Besides his voluminous political works and his writings as a journalist, Cobbett published numerous popular Treatises, among which are his Cottage Economy, his English Grammar, and his History of the Protestant Reformation. His Rural Rides abounds with descriptive passages of great beauty. As a political writer, he was celebrated for the vividness of his expression, the raciness of his diction, the vehemence of his language, and a certain rough vigour of style. It would be difficult to put together more pithy sentences, or more picturesque abuse, than is to be found in many of his attacks—which were also singularly effective from their humour and their personality when directed against his own enemies. Cobbett's instincts were all for bustle and strife, and his life was full of it. The predominant idea that ran through his career was a hatred for tyranny. In spite of all his changes of opinion, he was always to be found fighting on the side of the minority. He was heartily devoted to the interests of his country, and desired beyond all things to see her great and prosperous, and her people healthy, brave and free. The immense number of all his publications sold immediately on their appearance proves the popularity of his style. Cobbett himself said that 'his popularity was owing to his giving truth in clear language,' and his writings have always the merit of rendering his meaning with perfect precision.
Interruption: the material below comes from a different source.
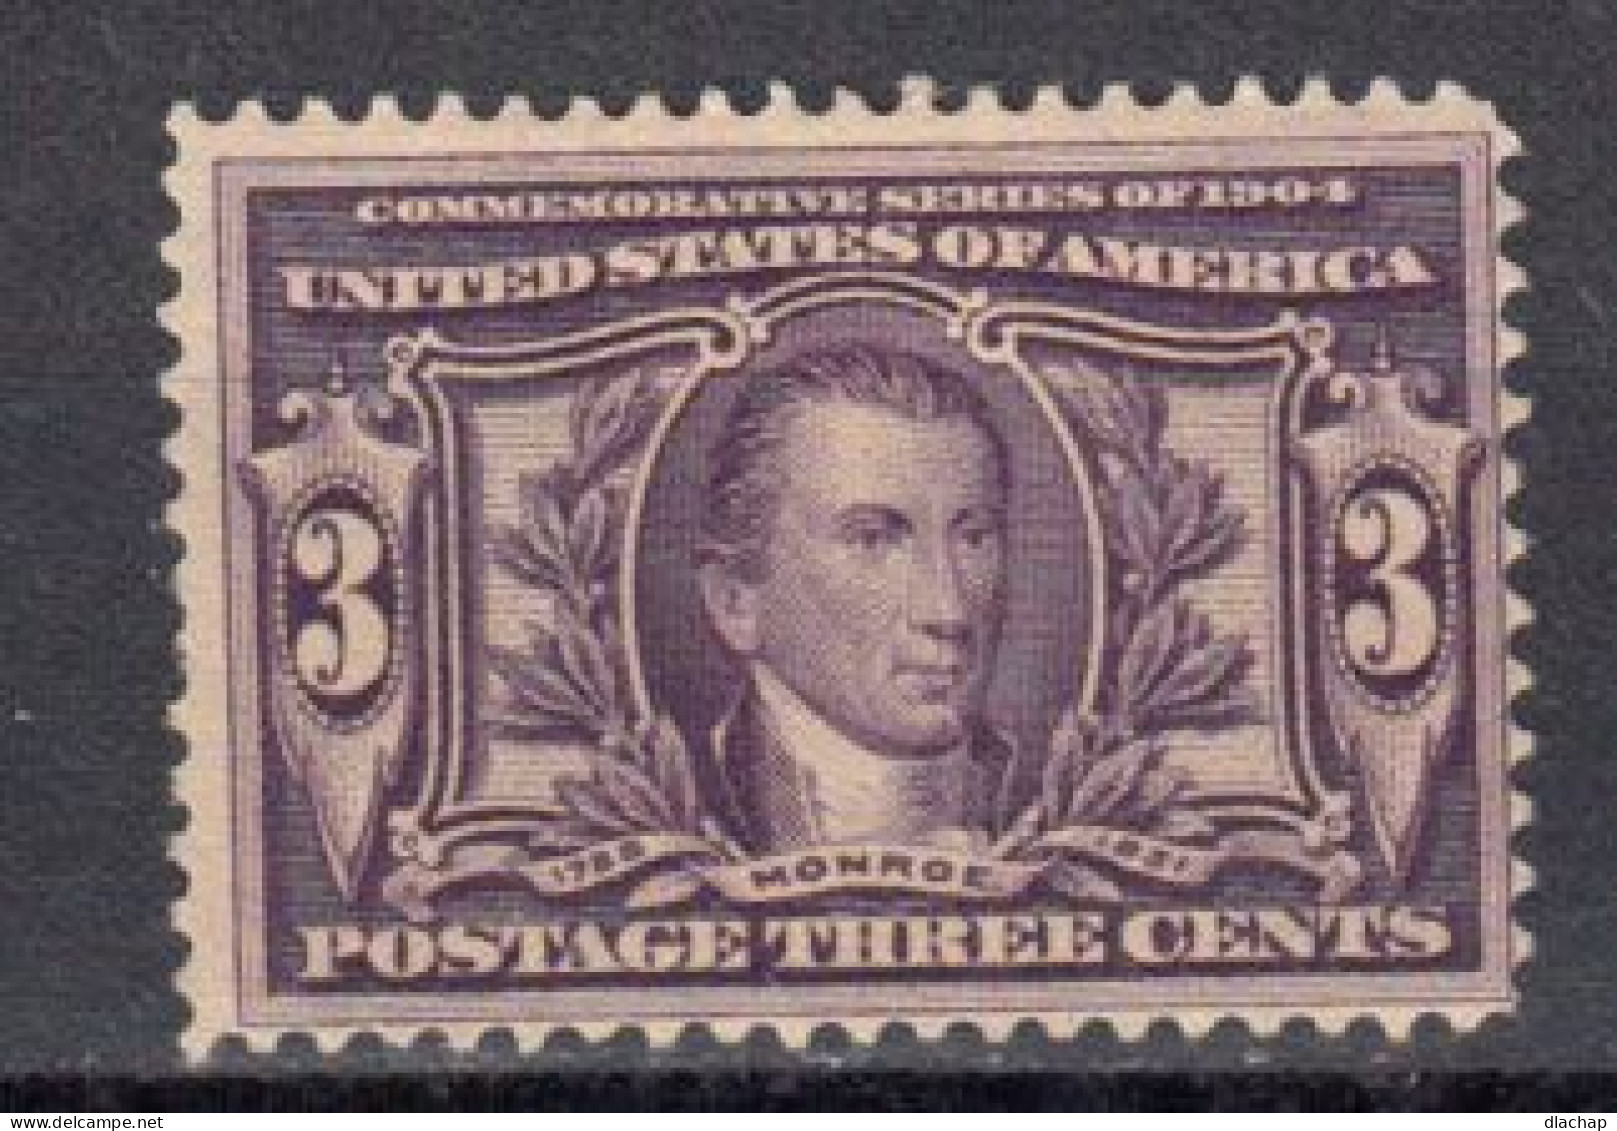 Etats Unis 1904 Yvert 161 * Neuf Avec Charniere. Commemoration De L'achat De La Louisiane à La France - Unused Stamps

1. The Institution of Property.

THUS, then, we see that labour must have been the foundation of all property. Mr. Tull, who was a very learned lawyer, as well as the greatest writer on agriculture that ever lived, claimed an exclusive right to the produce of his book, because he had written it,—because it was something proceeding from the labour of his own mind; and thereupon he says, 'There is no property of any description, if it be rightfully held, which had not its foundation in labour.' And it must have been thus, because men never could have been so foolish, so lost to all sense of self-preservation, as to suffer a few persons, comparatively, to take possession of the whole earth, which God had given to all of them for a common possession, unless these comparatively few persons had first performed, or their progenitors had performed, some labour upon these several spots of earth, the like of which labour, or a part of which labour, had not been performed by men in general.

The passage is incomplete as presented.